Consumer Demand for Food Commodities in the United States with Projections for 1980
This study analyzes the demand for food commodities in the United States in the postwar period using both time-series and cross-section data. Income-consumption relationships are based on data from 1955 and 1965 USDA household food consumption surveys. The analysis co cross section data emphasized: (1) effects of grouping observations, (2) choice between expenditures are quantities as the dependent variable, (3) effects of household size on income-consumption relationships, (4) shifts in the regression coefficients (intercepts and income elasticities) between 1955 and 1965, and (5) regional variations in the income-consumption relationships. A demand interrelationship matrix was developed for 49 commodities or commodity groups at the retail level. Commodities were classified into 15 separable groups and all direct and cross elasticities for commodities within a group were estimated directly. The cross elasticities corresponding to commodities outside a given group were estimated through assumptions of cardinal separability.

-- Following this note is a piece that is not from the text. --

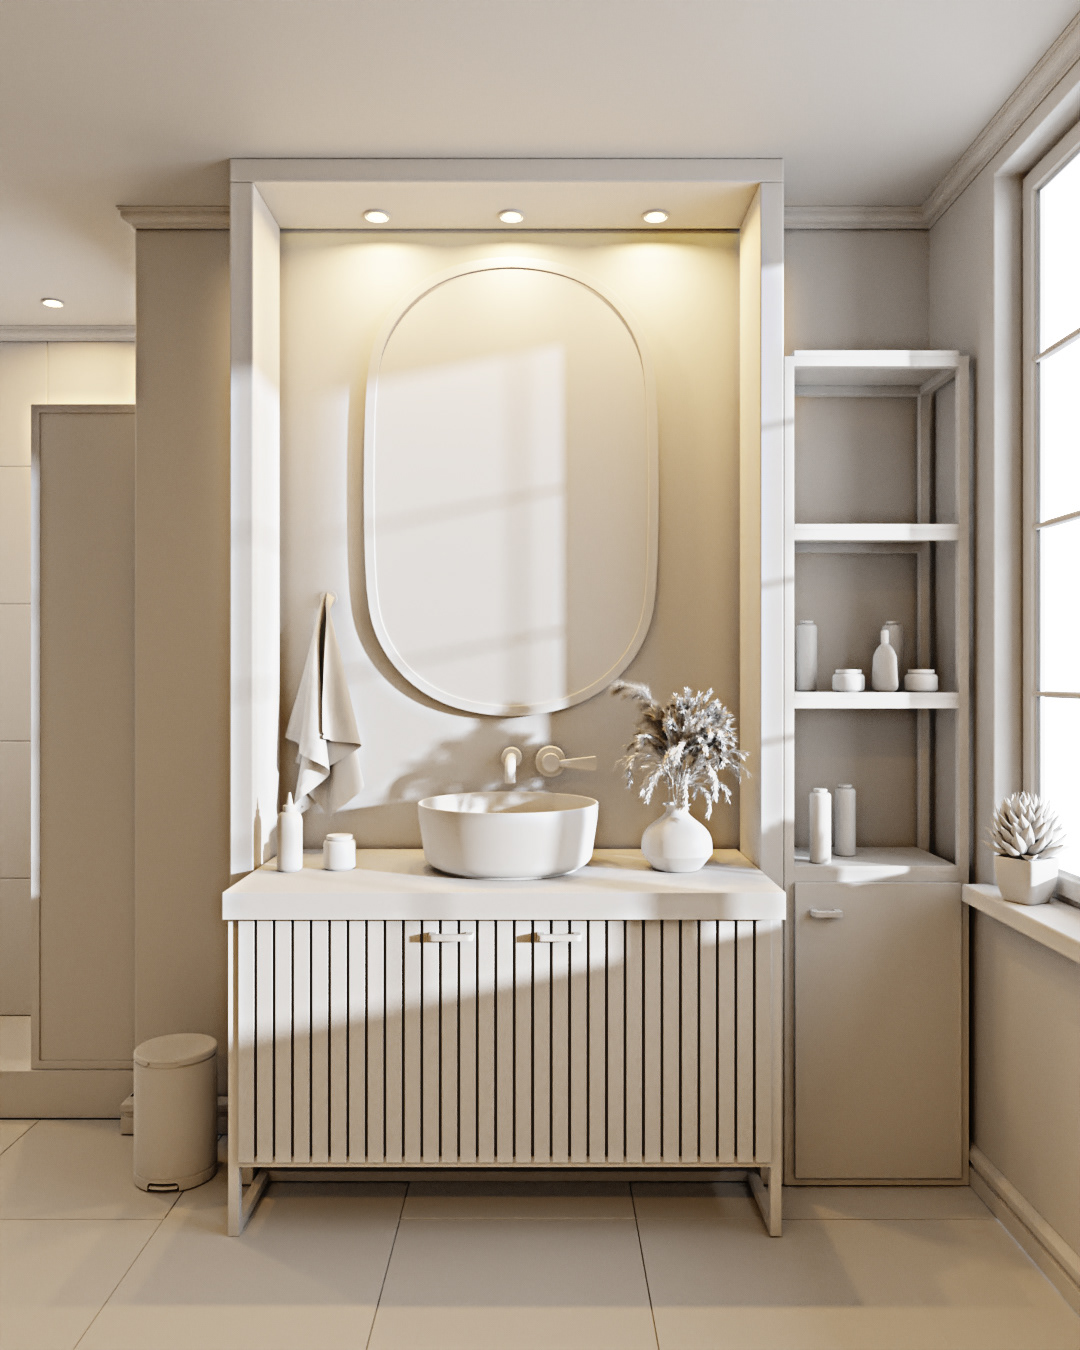 3dsmax architecture bathroom blender CGI Interior rendering vray free freedownload

The synthesis of demand interrelationships was achieved by the use of restrictions on demand equations for an individual consumer as suggested by Frisch (1959) and quantified by Brandow (1961). Consideration also was given to the measurement of time trends on consumption. Marketing margins were analyzed and demand interrelationships were developed at the farm level. Projections of 1980 consumption per capita were developed for individual commodities and group aggregates. These projections are based on a specification of constant real prices, exogenous projections of real income per capita, and continuation of past time trends for certain commodities.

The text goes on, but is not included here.